Companies like Airbnb and Netflix apply holistic design to create seamless, memorable experiences that build brand loyalty. It turns products into systems and moments into journeys.

Explore how to meet users at the levels they expect to find your brand, with customer journey maps.

What problems does holistic design help solve in UX and UI design?

Holistic design solves key problems in UX and UI (user interface) design by eliminating gaps, inconsistencies, and fragmented experiences. It addresses issues where different parts of a product don't “talk” to each other, like when an app's interface feels disconnected from its customer service or when branding clashes across touchpoints.

By looking at the full user journey, designers and teams who employ holistic design can ensure that every interaction, across devices, channels, and moments, feels seamless, intentional, and emotionally consistent. They can also reduce friction caused by ineffective approaches like short-term design fixes.

For example, banks that apply holistic design streamline their mobile, web, and in-branch experiences, creating trust and ease for users. Holistic design also helps with accessibility by designing systems that support diverse users throughout the entire flow—not just on one screen.

Get a wider view of design in this video, which examines how user experience goes beyond just what users find on a screen:

Transcript

What are the core principles of holistic design?

Holistic design stands on key principles that ensure a seamless, user-centered experience across every touchpoint. The core principles include:

1. Systems thinking: View the product as part of a larger ecosystem. Every element—UI, support, content, branding—must work together.

2. User journey focus: Design for the entire experience, not just individual screens. Map and understand how users move through different stages and contexts.

3. Emotional and functional balance: Address both how the product works and how it feels. Align utility with delight, trust, and consistency.

4. Consistency: Maintain visual, behavioral, and interaction consistency across platforms and devices.
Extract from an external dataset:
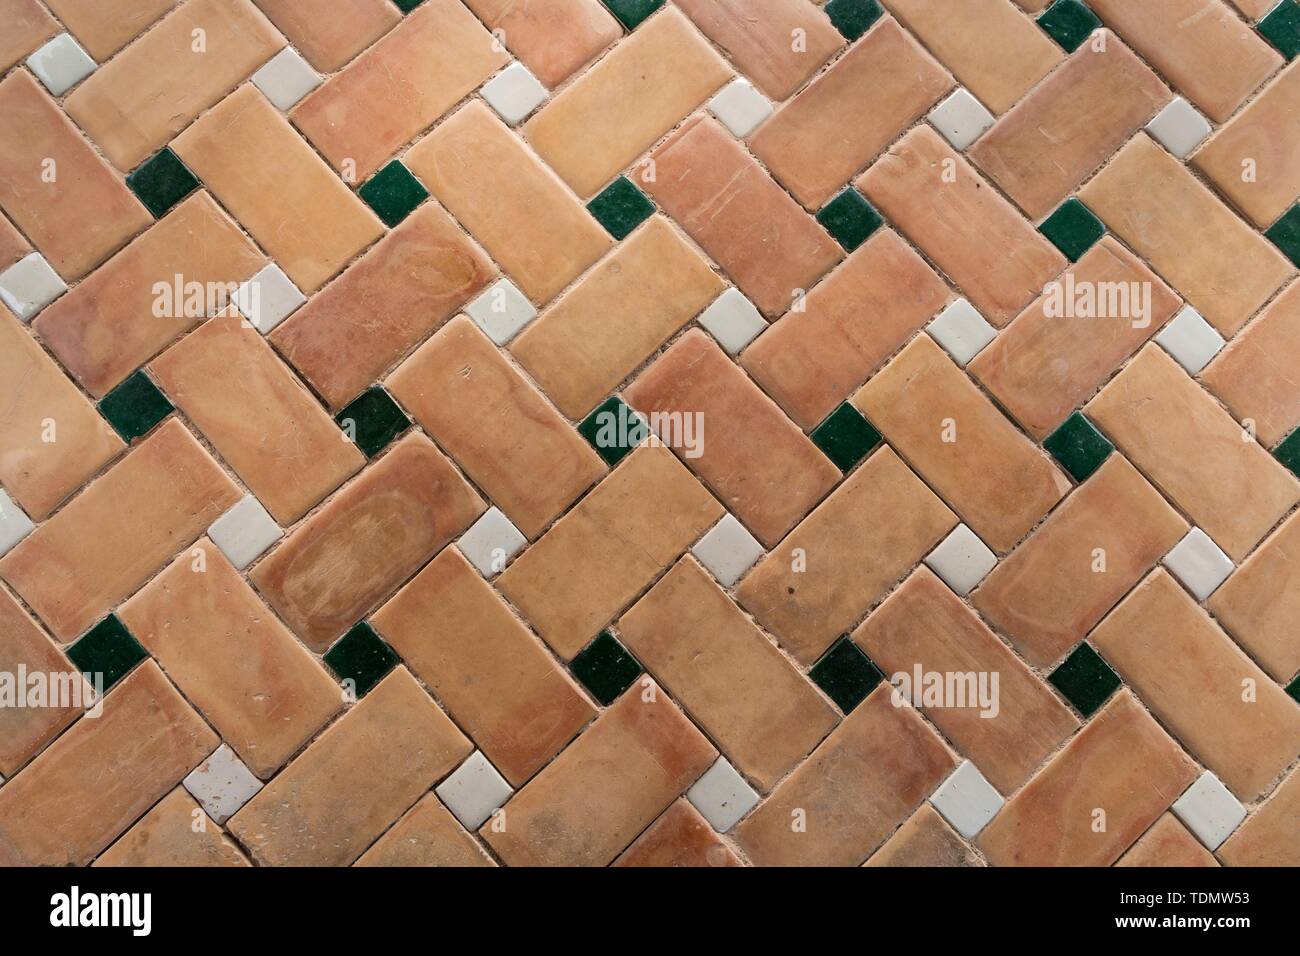 Vieux plancher avec motif carreaux carreaux posés selon Roman bond, Grenade, Andalousie, Espagne Banque D'Images

5. Inclusivity: Design for diverse users and scenarios, ensuring accessibility and equity throughout the product journey. Reach everyone, and they'll be able to reach for your brand as a trusted source in the future.
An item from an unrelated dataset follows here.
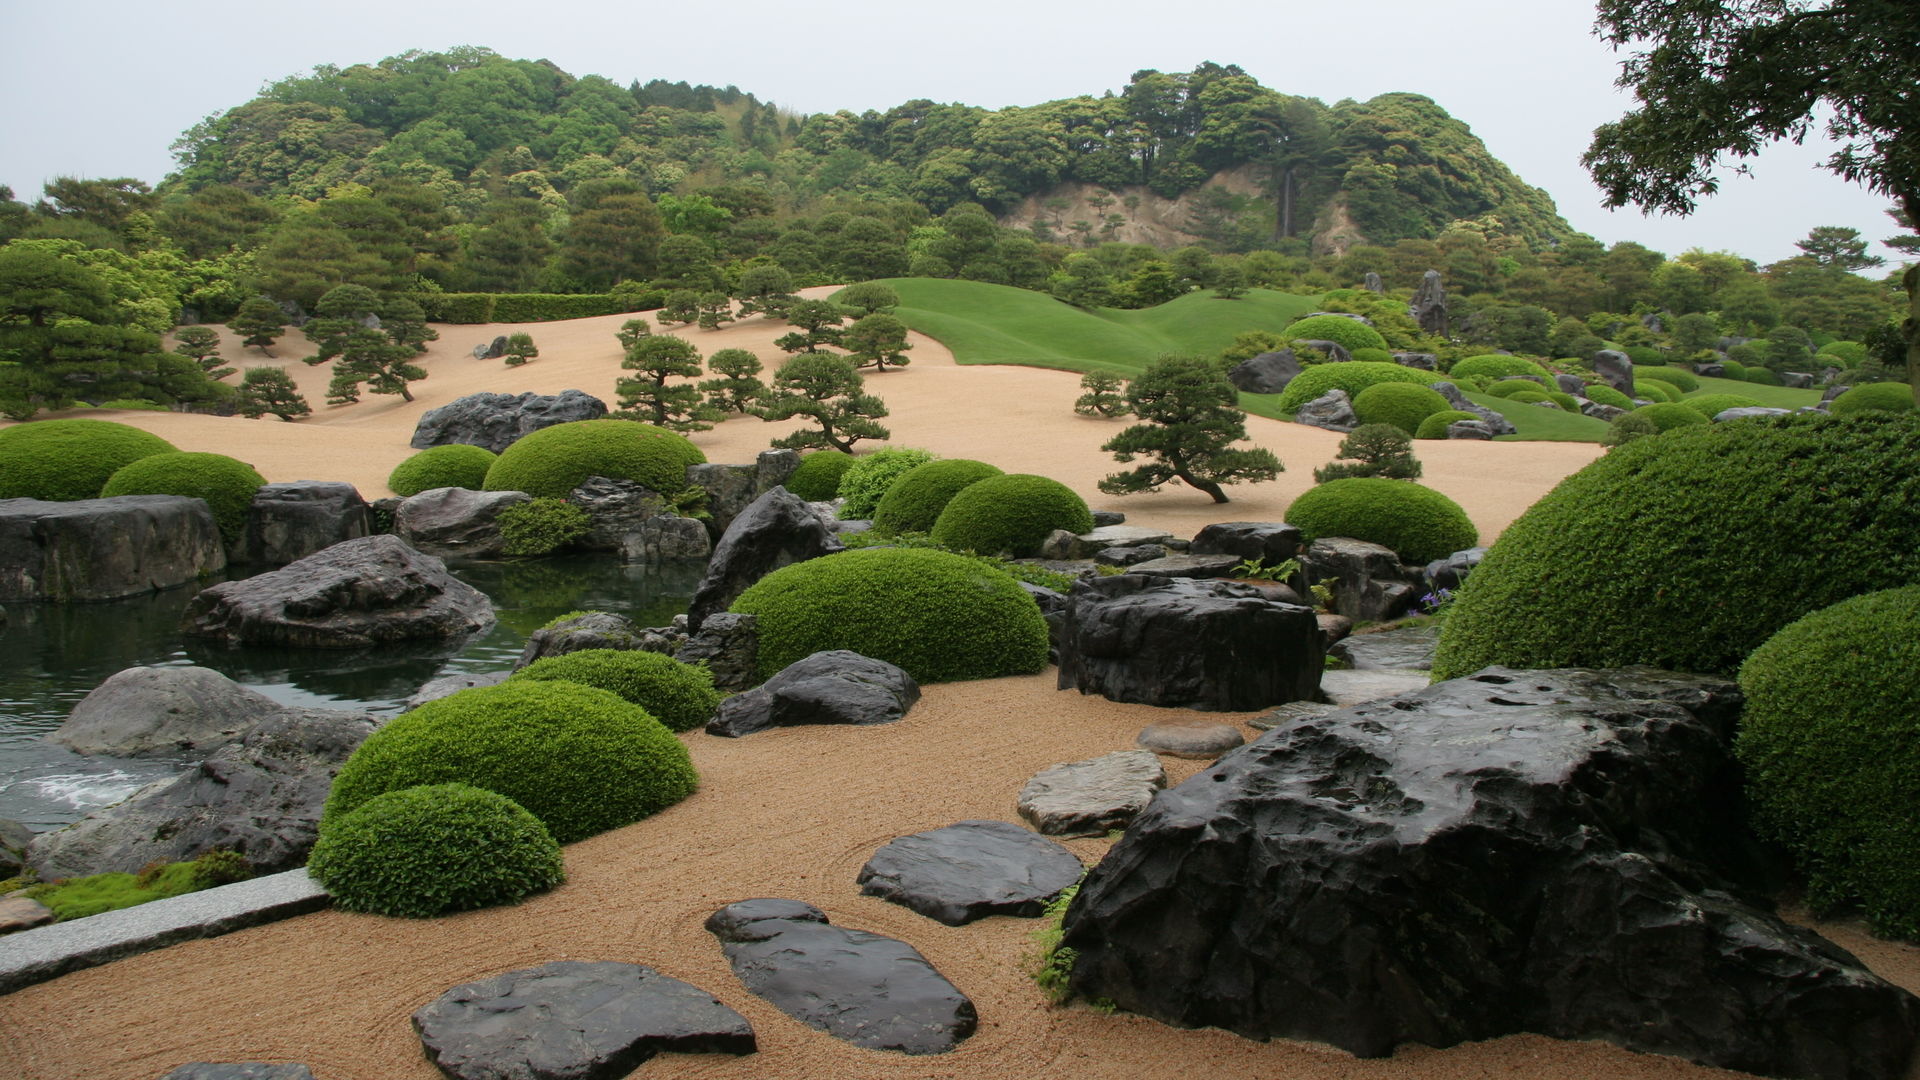 島根 足立美術館の日本庭園 島根県 について詳しく見る Find 47

Brands like Google and IKEA embrace these principles to create intuitive, memorable, and coherent experiences.

Explore the many avenues where you'll encounter what users want and check out our article Holistic Design – Design That Goes Beyond The Problem.

How do I apply holistic design in a product design workflow?
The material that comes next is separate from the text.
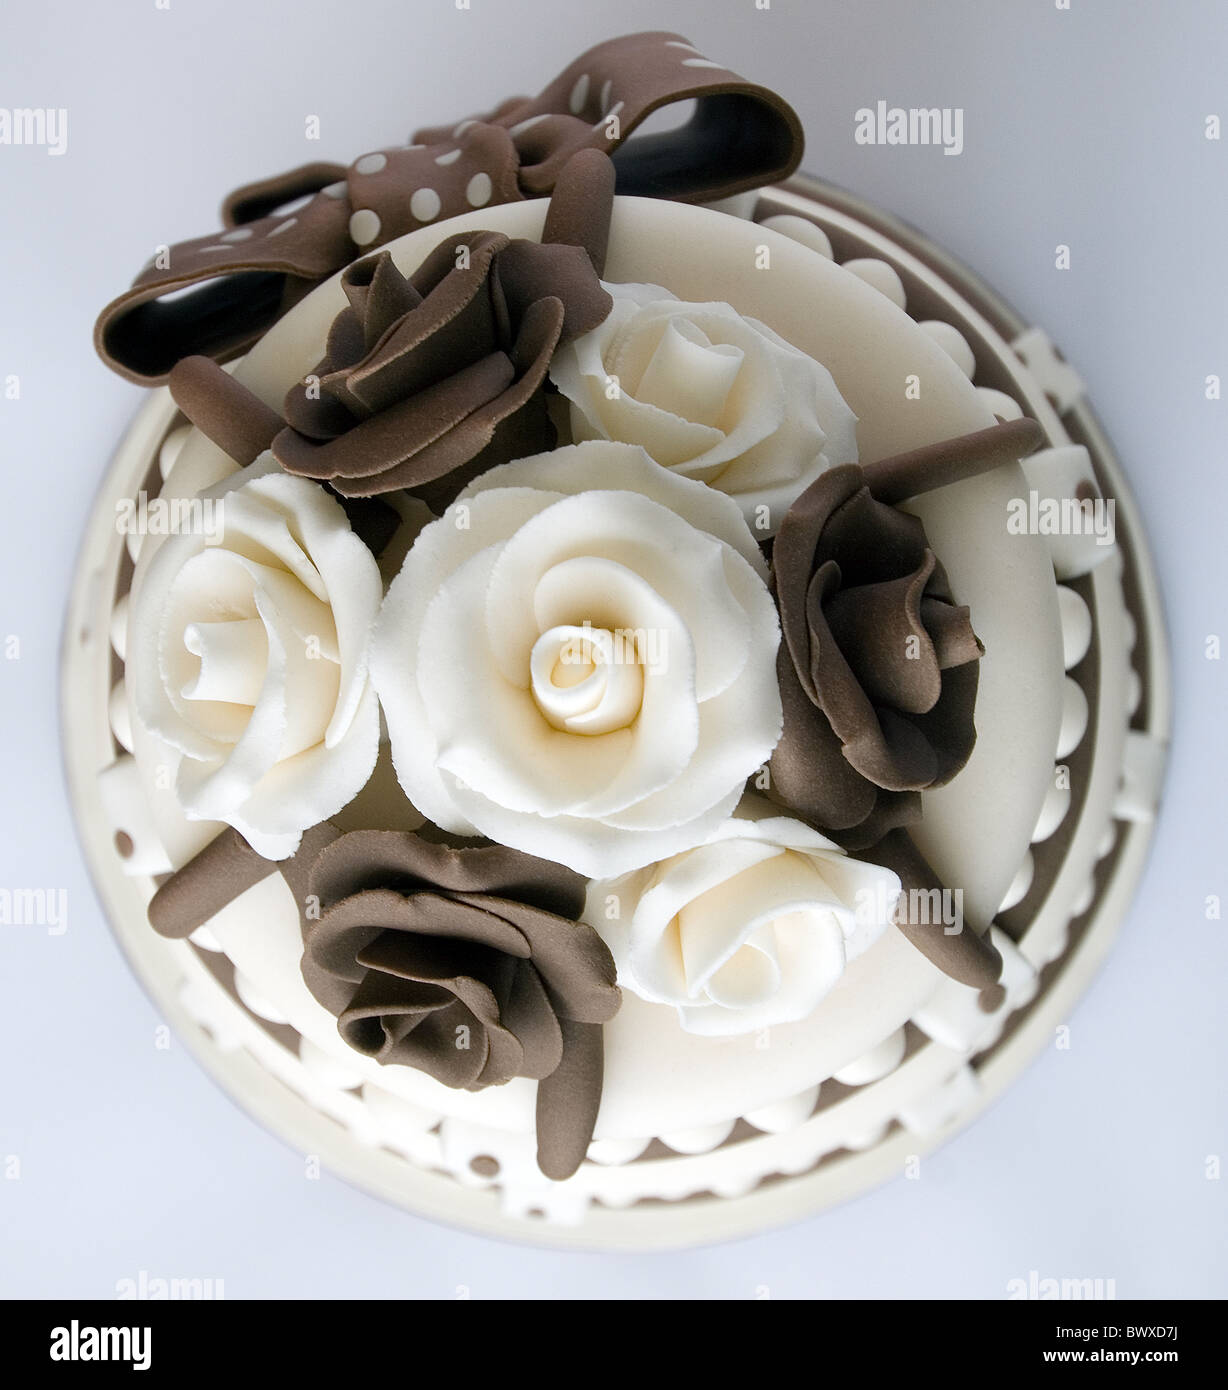 Un marrone e crema ghiacciata di celebrazione torta con le rose e archi Foto Stock

Apply holistic design in your product design workflow by embedding user journey thinking into every stage—from research to delivery. Start by mapping the full user experience across channels, touchpoints, and emotional highs and lows. This helps your team identify gaps and opportunities early.

Next, align cross-functional teams around shared goals. Designers, developers, and product managers should collaborate on user flows, design systems, and messaging to maintain consistency and cohesion. Use service blueprints and journey maps to visualize how design decisions affect the broader experience.

Build feedback loops through user research and testing for single screens and full end-to-end scenarios. Companies like Airbnb use this method to create seamless, delightful interactions that work across web, mobile, and in-person experiences.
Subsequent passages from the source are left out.